Рассказывать о наставнике, пожалуй, не стоило.

– Книгу… книги – это хорошо… источник мудрости… а вот если, скажем, у него появилась бы возможность издать свою книгу, но за личные средства?

Сырники Себастьян разрезал на четыре части. Каждую поливал щедро черничным вареньем и, наколов на вилку, отправлял в рот. При чем умудрялся это провернуть так, что ни капли варенья не упало на скатерть.

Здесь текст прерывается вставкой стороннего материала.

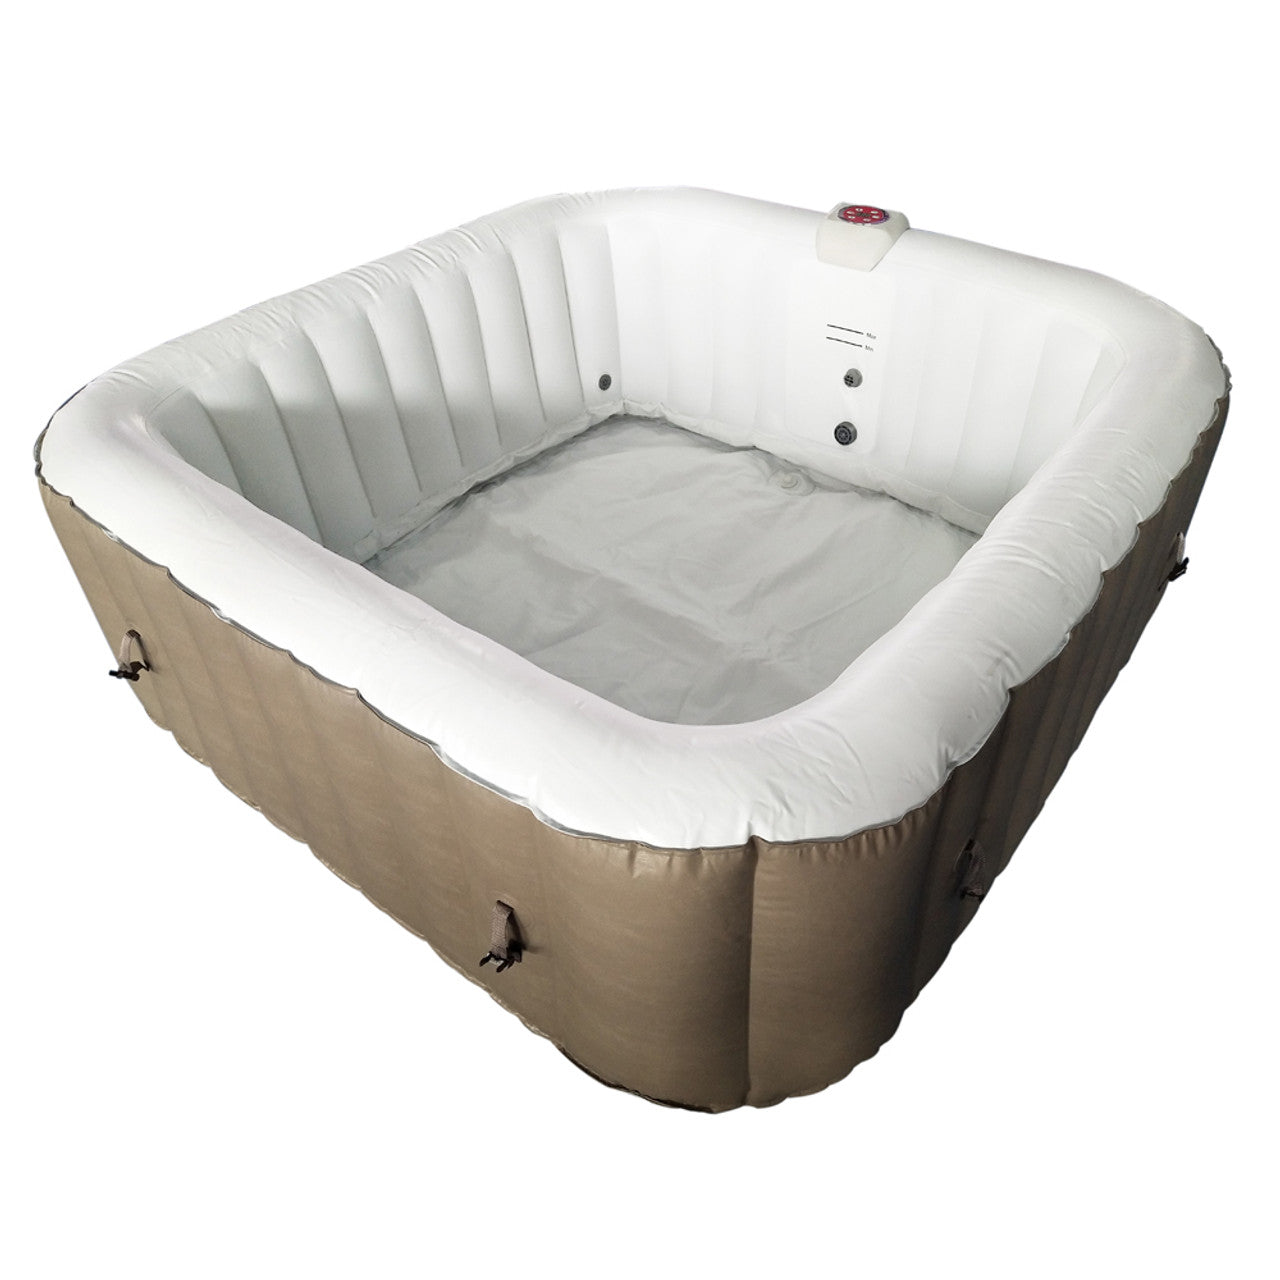 Aleko Square Inflatable Jetted Hot Tub with Cover - 6 Person - 250 Gallon - Brown and White HTISQ6BRWH-AP - Serenity Provision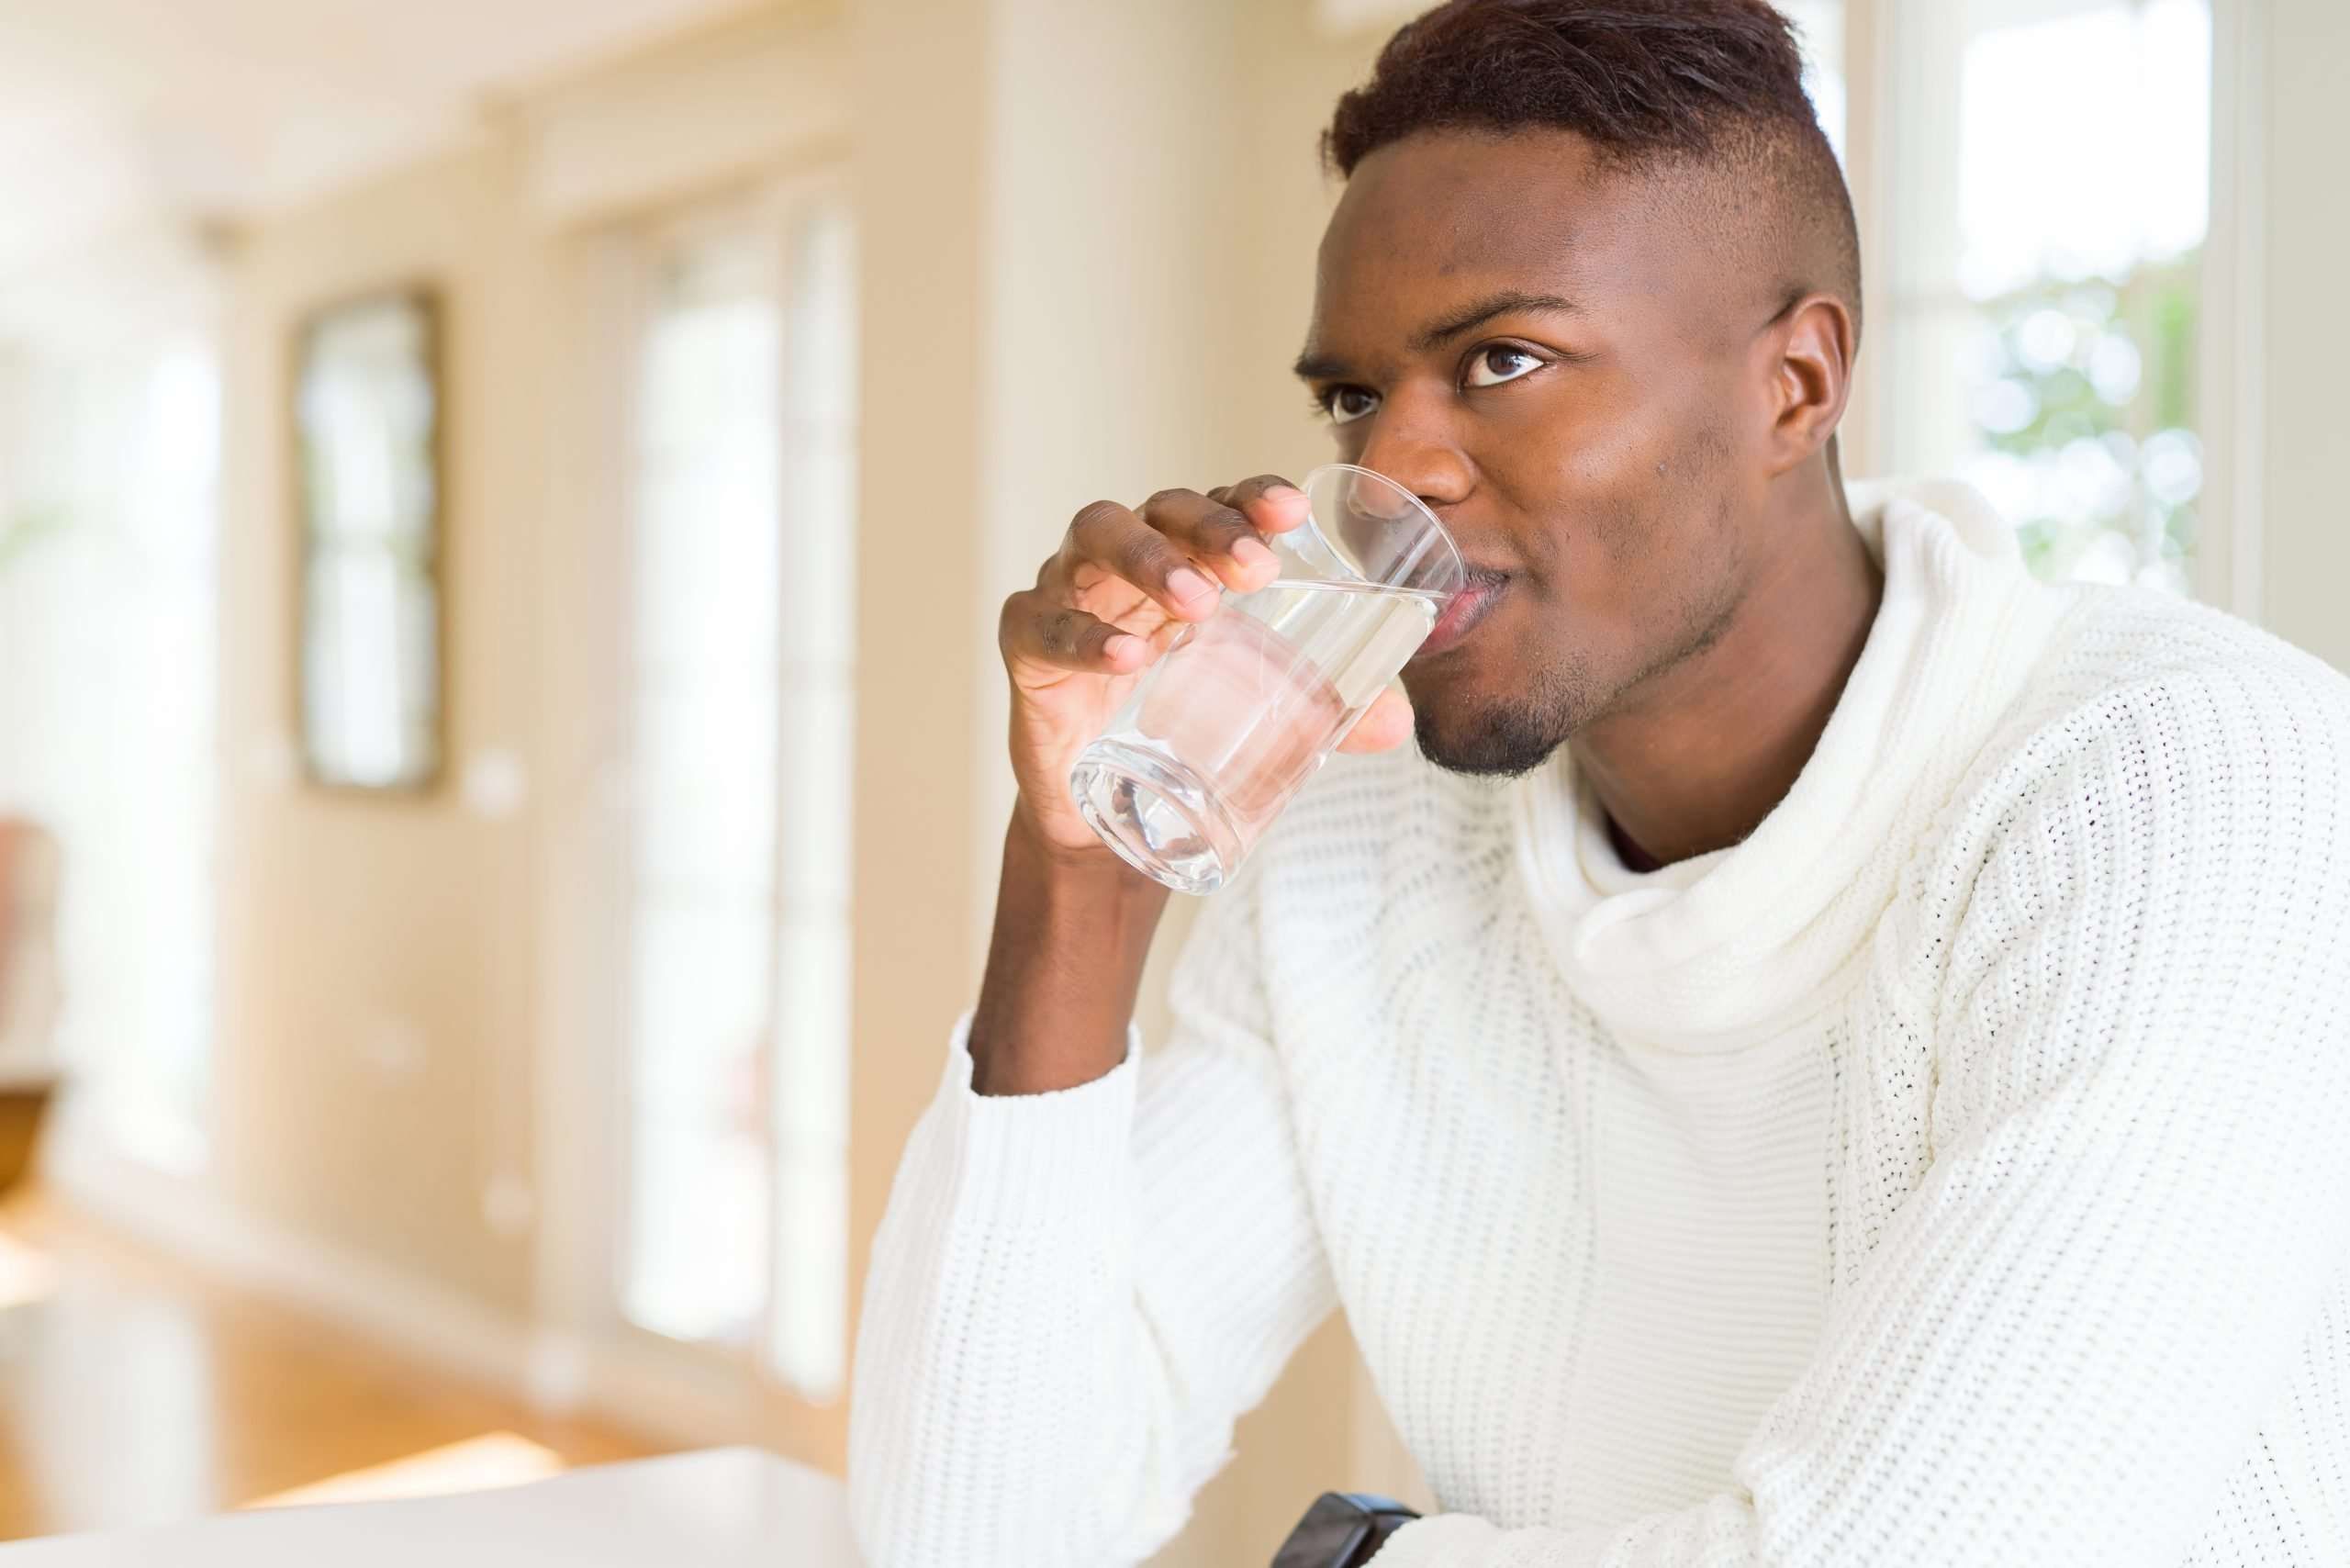 Dehydration Affects Blood Pressure and Lab Blood Test Results

– Или вот захотелось бы ему школу основать… или не школу, но взять учеников… не одну девицу, с которой судьба свела, но с полдюжины талантливых ребят… конечно, хорошо бы, чтоб родители этих ребят за учебу платили, но сие навряд ли… а вот ситуация, когда наши гипотетические ученики сами бедны, что храмовые мыши, вполне себе реальна. Следовательно, что?

– Что? – эхом повторила Катарина.

– Следовательно, нуждаются в поддержке, пусть и в малой… обед там горячий. Ужин. Одежонка зимняя, да и летняя… – он мечтательно зажмурился. – И вот представьте ситуацию, когда возможность передать накопленные знания и вырастить талантливого преемника зависит исключительно от такой низменной вещи, как деньги…

– Вы… не понимаете.

Вот что за нелюдь! Так и норовит все опошлить… и главное, сходу и не поймешь, что возразить.

– Объясните, – этот нахал проводил томным взглядом официантку, которая – вот что за манера заниматься на рабочем месте нерабочими делами? – далеко от столика не отходила. Встала, оперлась на декоративную колонну, пуговку на блузе будто случайно расстегнула, волосы взбила…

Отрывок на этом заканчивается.